I respectfully disagree with the majority’s conclusion, formulated in Divisions 1 and 2, that the trial court was without power or authority to amend the pretrial order and was required to enter a judgment which conformed to the unmodified pretrial order.311 part company with the majority because I believe that the trial court had the authority to exercise its sound discretion and amend the pretrial order sua sponte or in response to a motion, and that this Court should be hesitant to interfere with the result of the trial court’s exercise of its discretion in that regard. Gilbert v. Meason, 145 Ga. App. 662 (1) (244 SE2d 601) (1978).32
Some additional facts, documented by the record and previously reported in the Court of Appeals’ certification of the case to this Court (223 Ga. App. 520 (478 SE2d 598) (1996)) are important to resolution of this issue. The jury returned its $3.5 million verdict in favor of Mrs. Phillips, was polled, and was excused. The attorney for DHR immediately stated his belief that the pretrial order required that the jury’s verdict be written down since it was in excess of $1 million, in response to which Mrs. Phillips’ counsel stated the possibility of attacking the constitutionality of the statute which would require such a diminution of the verdict.33 When the trial court mentioned that a motion to modify the pretrial order could be made “sometime during the trial,” counsel for Mrs. Phillips requested that the right to request modification be preserved, as they wished to check into the issue of attacking the constitutionality of the application to this case of the Tort Claims Act’s statutory cap on damages. The trial court suggested that Mrs. Phillips’ counsel look into modification of the pretrial order, and stated that the trial court “may modify it in . . . the interest of justice.” After receiving letter briefs on the *325issue and holding a telephonic conference with the attorneys, the trial court entered judgment for Mrs. Phillips in the amounts awarded by the jury. In so doing, the trial court implicitly modified the pretrial order to permit a constitutional attack upon the application of the statutory damages cap, and implicitly decided the constitutional issue in favor of Mrs. Phillips. The appellate record contains nothing from the trial court elucidating the rationale for the entry of judgment. However, in the brief filed by Mrs. Phillips in the trial court in support of her motion to supplement the record, as well as in the transcript of the hearing on the motion, Mrs. Phillips’ counsel stated that the trial court had telephonically ruled that “it was persuaded by [Mrs. Phillips’] arguments and that the full judgment would therefore be entered.” Neither DHR nor the trial court has even taken exception to either the oral or the written statement.

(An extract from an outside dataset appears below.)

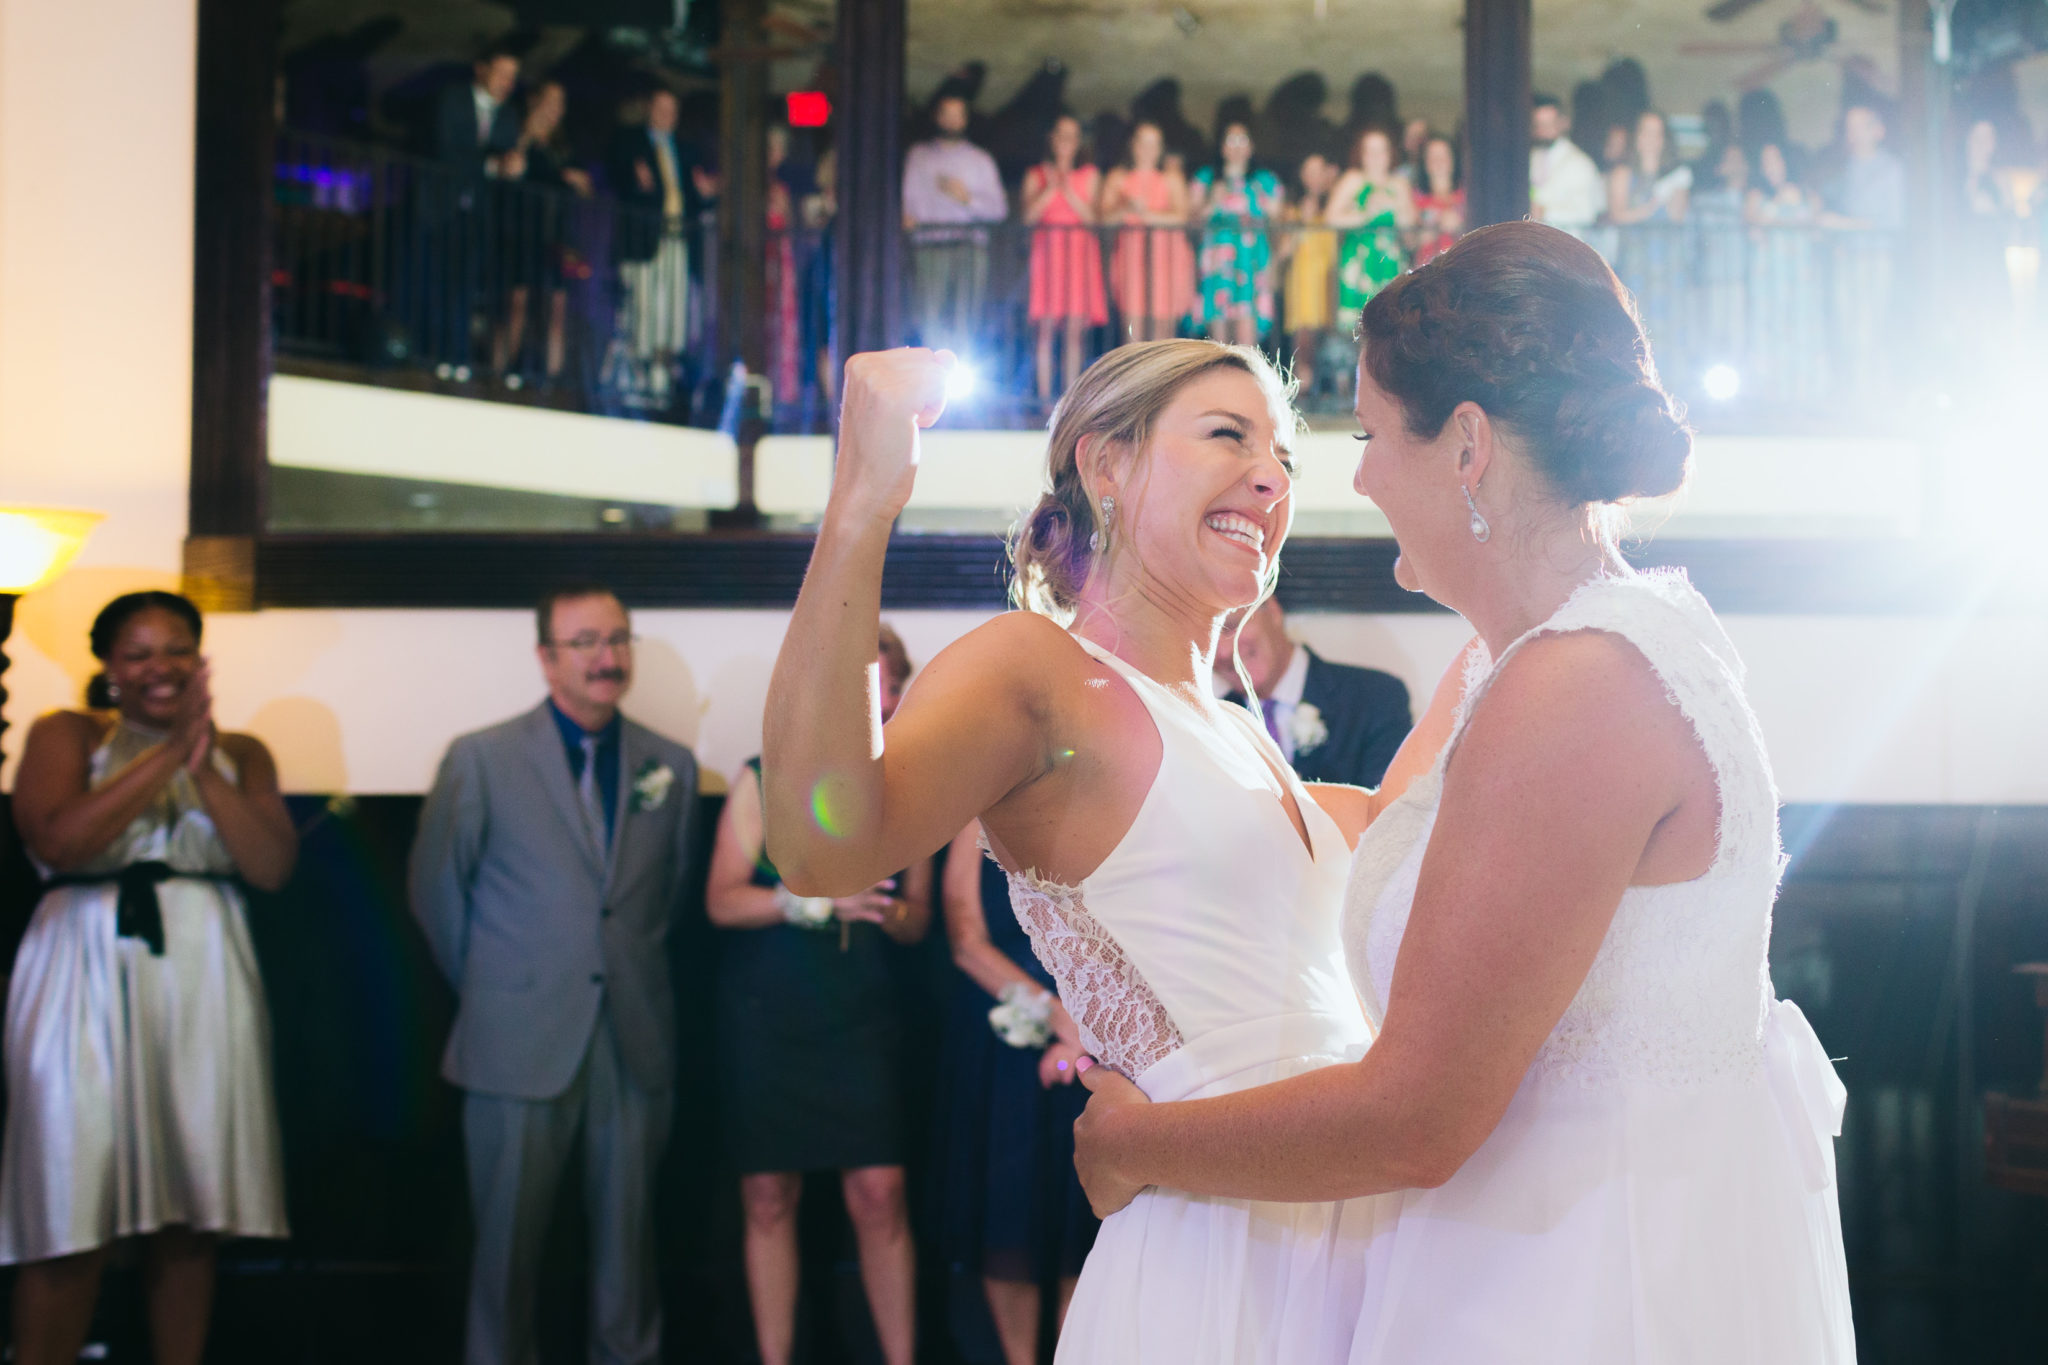 Two women dance during their wedding reception.

A trial court has inherent power to sua sponte modify a pretrial order to prevent manifest injustice. Dumas v. Beasley, 218 Ga. 349, 352 (128 SE2d 59) (1962). It is unquestioned that a trial court also has statutory power to modify the pretrial order at trial to prevent manifest injustice. OCGA § 9-11-16 (b). Without saying so expressly, the majority has stripped the trial court of its inherent power and hobbled its statutory authority by implicitly holding, without explanation or definition, that the pretrial order cannot be modified after the verdict has been returned but before the entry of judgment.34 Where, as here, the issue of the constitutionality of a law arises as a result of the verdict returned by the factfinder and a party raises the constitutional issue at the earliest practicable moment,35 the trial court must have the discretion to modify the pretrial order to permit the argument and resolution of the issue of law pertaining to the entry of judgment. It is implicit from the entry of judgment that the trial court exercised its discretion to do just that. Contrary to the majority’s assertion, neither party’s ability to litigate the merits of the issue is unfairly compromised when the issue is one of law — *326DHR’s ability to argue the constitutionality of the statute was not unfairly impaired by permitting argument to be made. The only problem, as far as DHR is concerned, is that its arguments failed to persuade the trial court that the statute was constitutional.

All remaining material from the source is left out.